=== Begin Enclosure ===
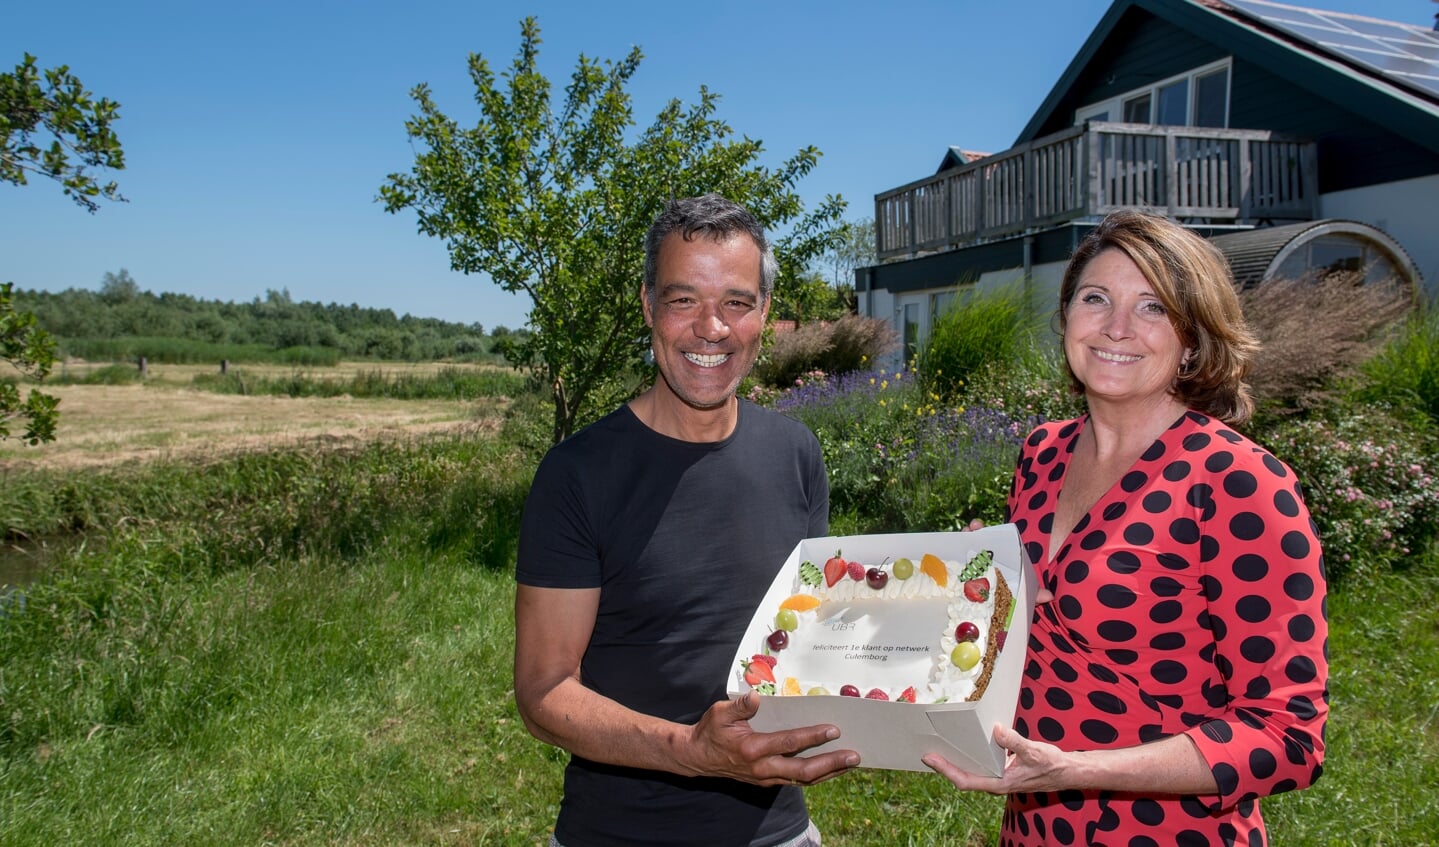 • Wethouder Monica Wichgers overhandigt een taart aan Bas - eerste gebruiker glasvezel buitengebied Culemborg -
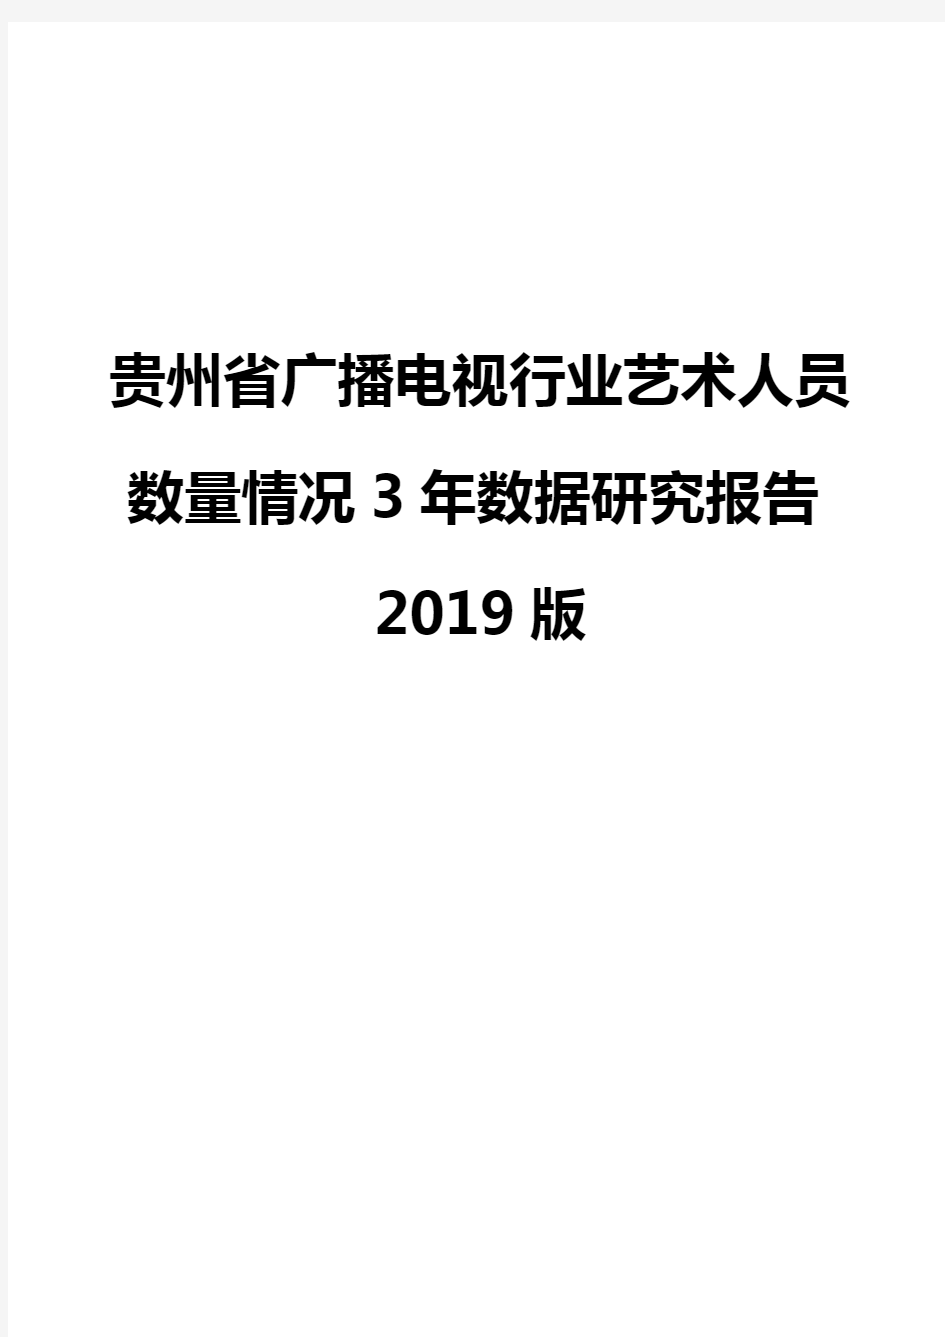 贵州省广播电视行业艺术人员数量情况3年数据研究报告2019版
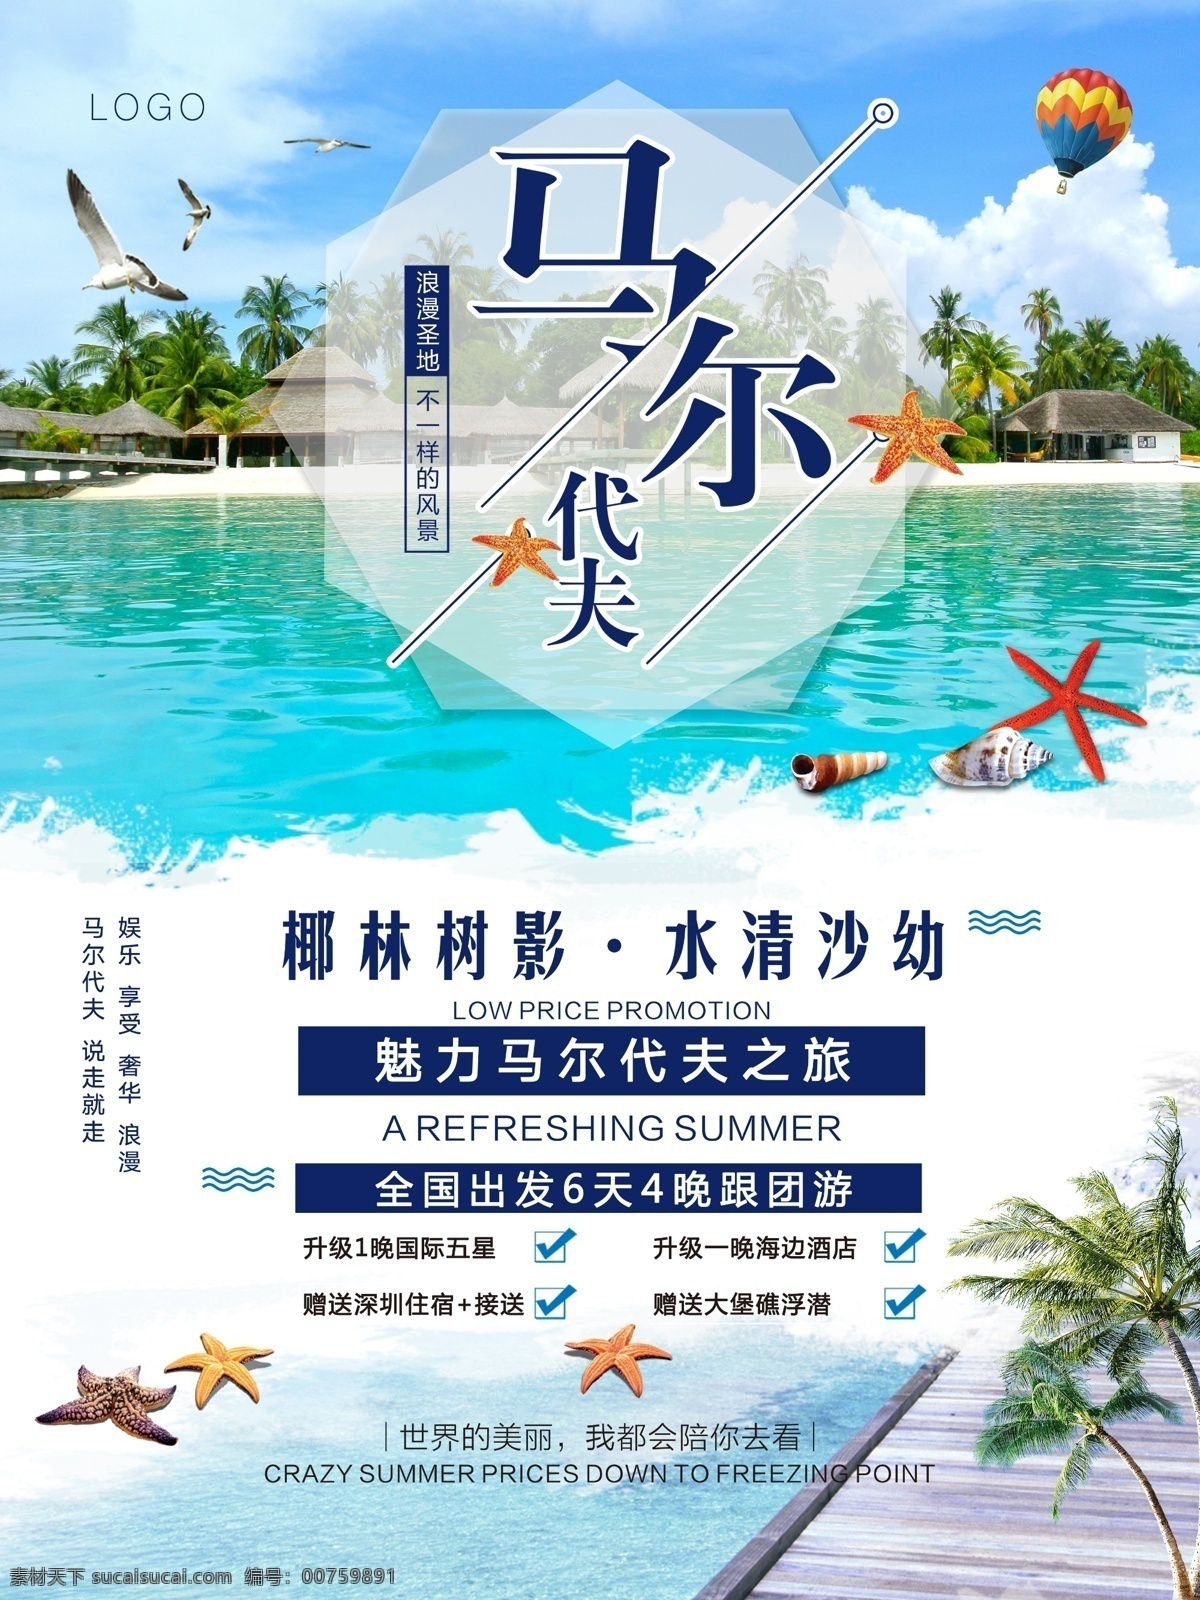 马尔代夫 旅游 海报 促销 旅游海报 促销海报 热气球 派大星 景区 海边 旅游胜地 海景 蓝色
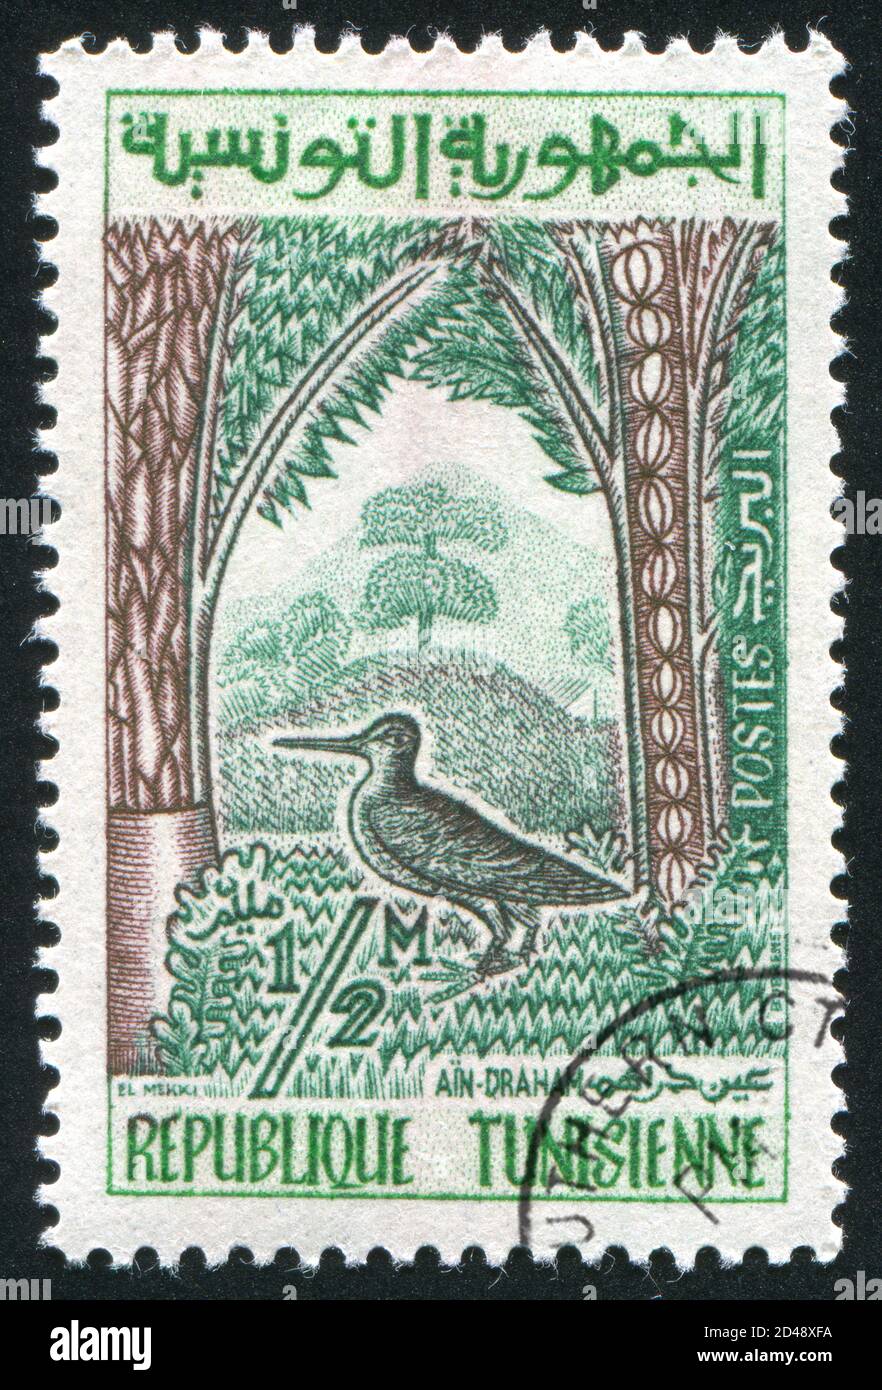 TUNISIE - VERS 1960: Timbre imprimé par la Tunisie, montre Woodcock dans la forêt d'Ain-Draham, vers 1960 Banque D'Images
=== End Enclosure ===
### Work required
Every line of the data above is to be set down exactly; the pictures are not.

### Exercise answer
 • Wethouder Monica Wichgers overhandigt een taart aan Bas - eerste gebruiker glasvezel buitengebied Culemborg -
 贵州省广播电视行业艺术人员数量情况3年数据研究报告2019版
 马尔代夫 旅游 海报 促销 旅游海报 促销海报 热气球 派大星 景区 海边 旅游胜地 海景 蓝色
 TUNISIE - VERS 1960: Timbre imprimé par la Tunisie, montre Woodcock dans la forêt d'Ain-Draham, vers 1960 Banque D'Images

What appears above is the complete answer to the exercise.